Sol: (a) c = 2 and m = 7
So, equation of the line will be
y = 7x+2
7x-y+2 = 0.
(b) c = -3 and m = -4
So, equation of the line will be
y = -4x-3
4x+y+3 = 0.
(c) c = -1
The line is parallel to the line y = 5x-7 then slope m = 7.
So, the required will be
y = 5x-1.
(d) c = 2
So, the equation inclined at 45° to the x-axis
So, slope (m) = tan Θ = tan 45° = 1
So, the equation at required line will be
y = x+2
x-y+2 = 0.
(e) c = -5
If the line is equally inclined to the x-axis
So, Slope (m) = tan Θ = ±1So, the equation at the line will be
y = x-5
x-y = 5.
Que-4: What will be the value of m and c if the straight line y = mx+c passes through the points (3,-4) and (1,-2) ?

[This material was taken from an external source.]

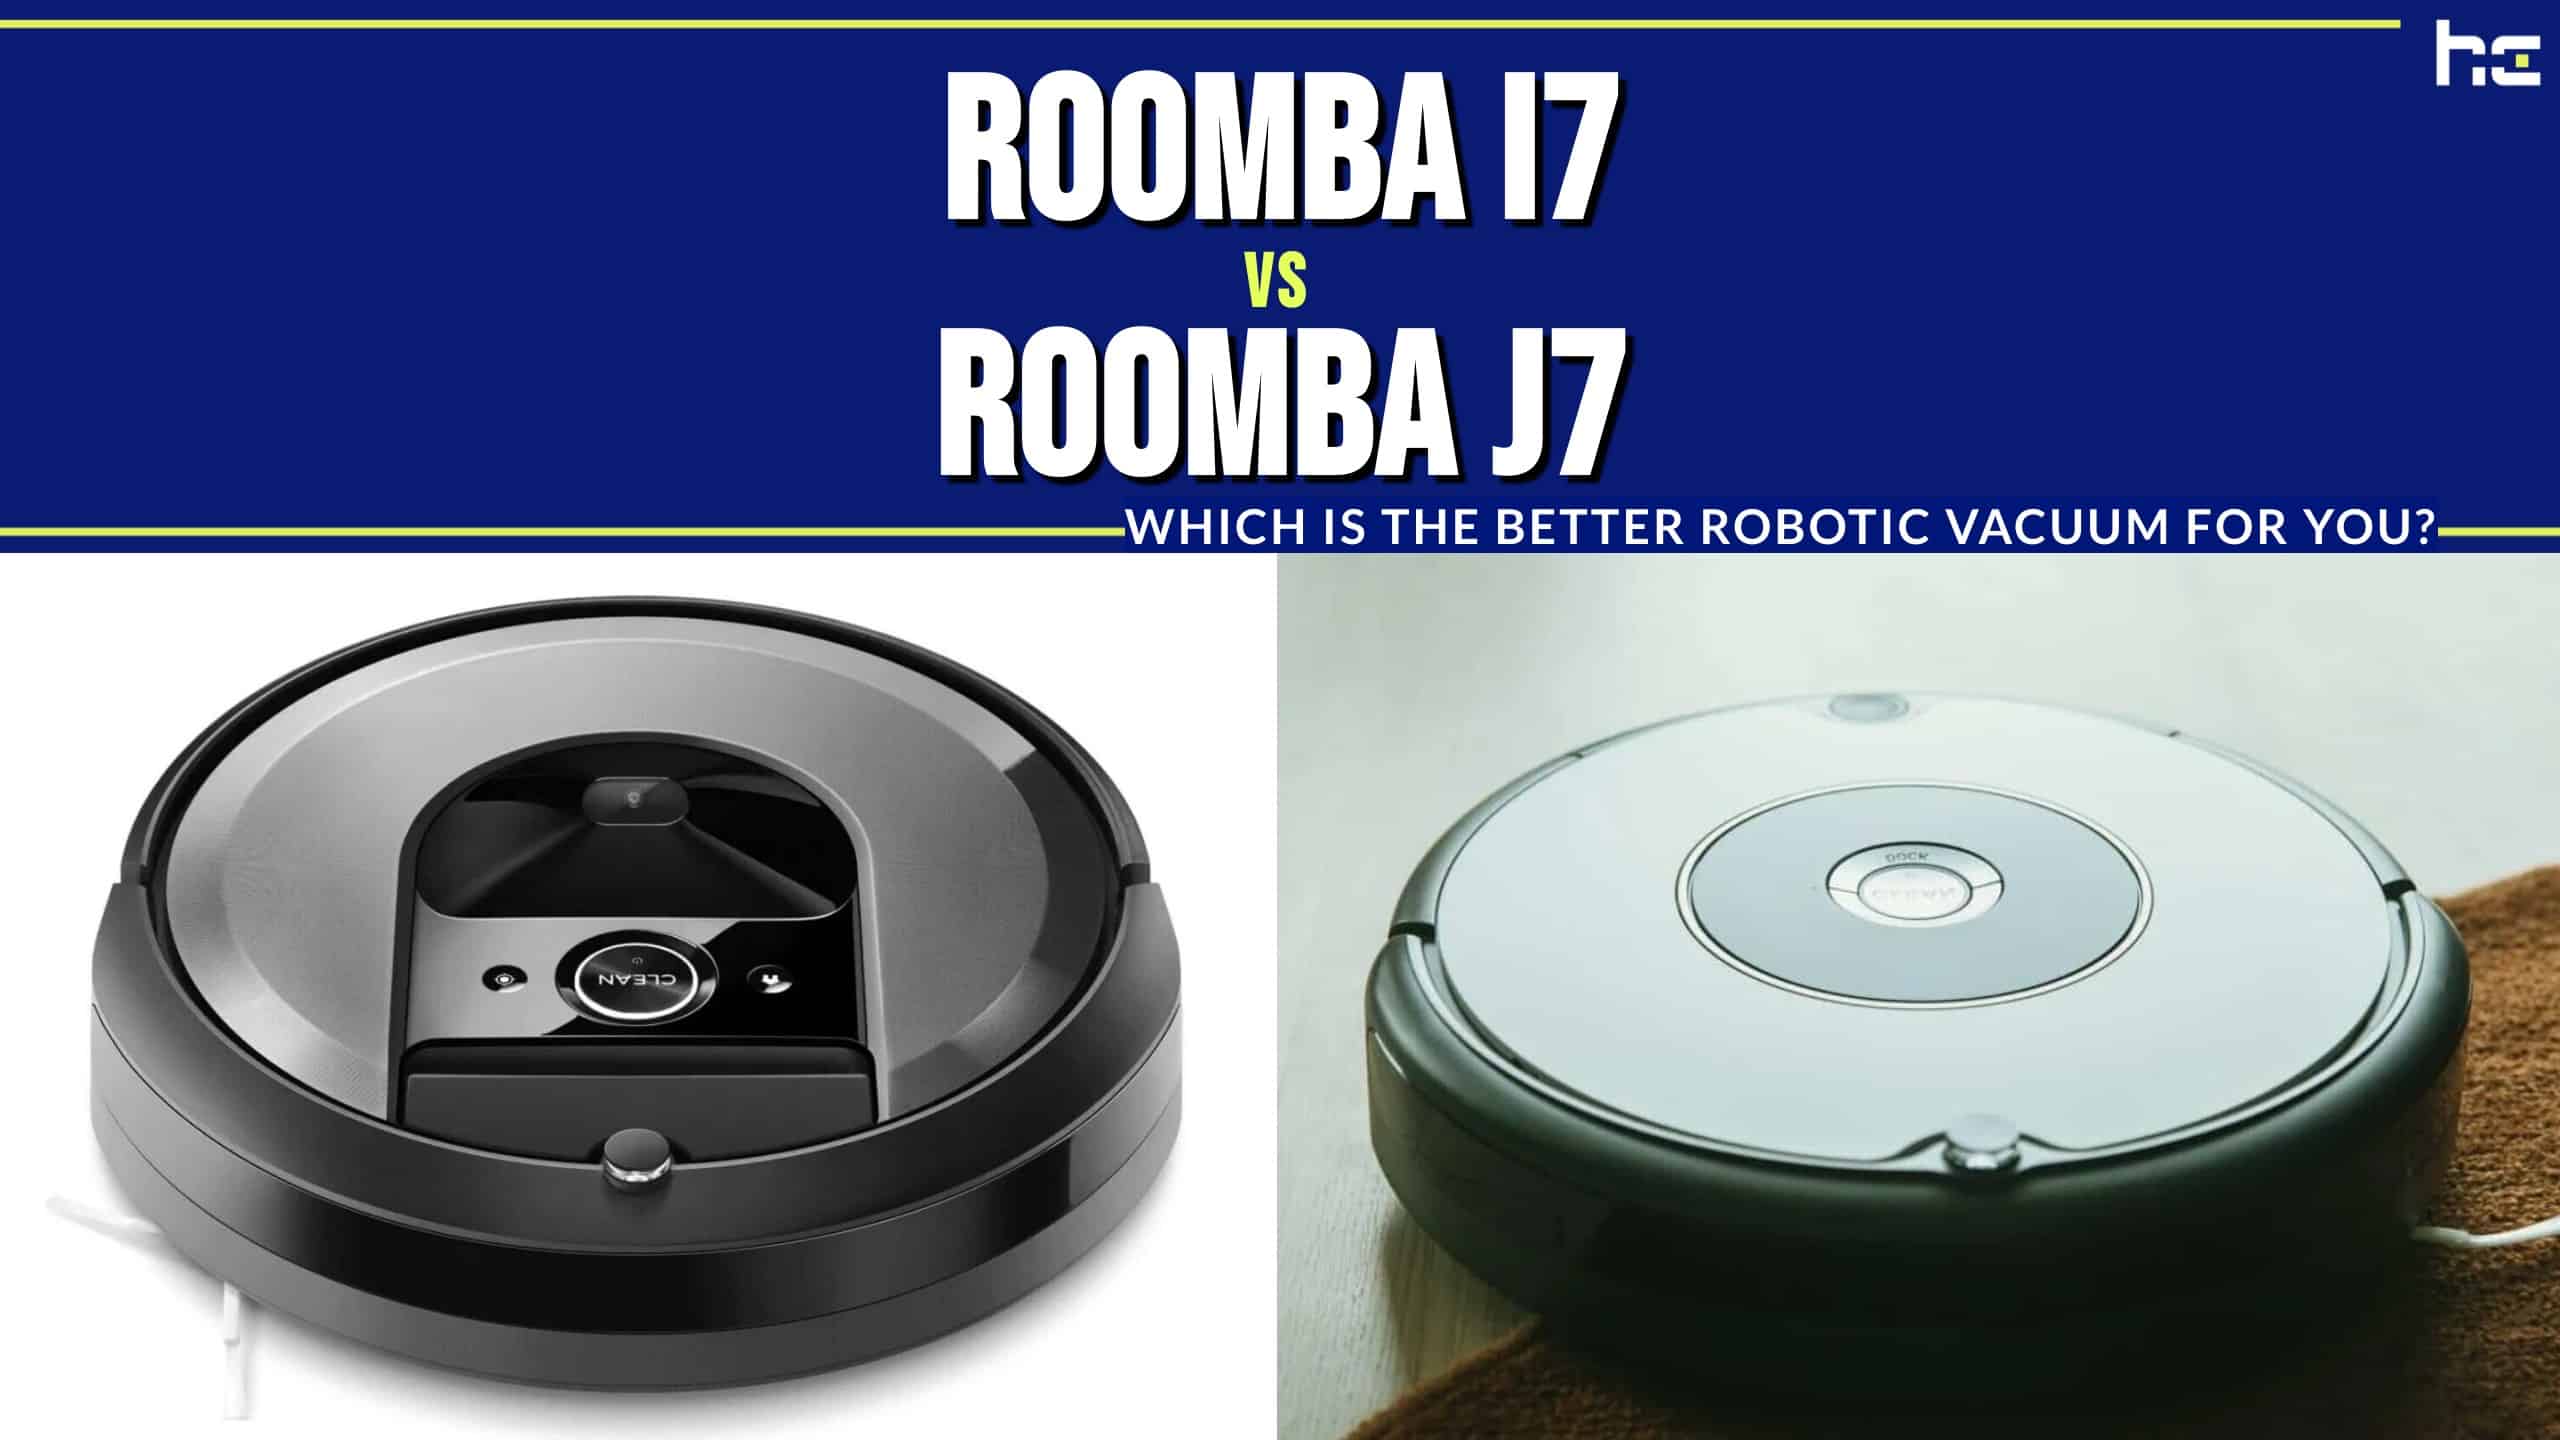 Roomba i7+ vs i8+: The Only Difference You Need to Know

Sol: by the equation of the straight line passing through two points is
(y−y1) = {(y2−y1)/(x2−x1)} (x−x1)
Here the points are
(3,−4),(−1,2)
Then,
{(y−(−4))/(2−(−4))} = {(x−3)/(−1−3)}
(y+4)/6 = (x−3)/−4
-4(y+4) = 6(x-3)
-4y-16 = 6x-18
-4y = 6x-2
y = -(3/2)x+(1/2)
Therefor by comparing this with y=mx+c we get,
m = -(3/2)
c = (1/2).
Que-5: The graph of the equation y = mx+c passes through the points (1,4) and (-2,-5). Determine the values of m and c.
Sol: Since, (1, 4) and (-2, -5) lie on y = mx + c hence, the points must satisfy the equation.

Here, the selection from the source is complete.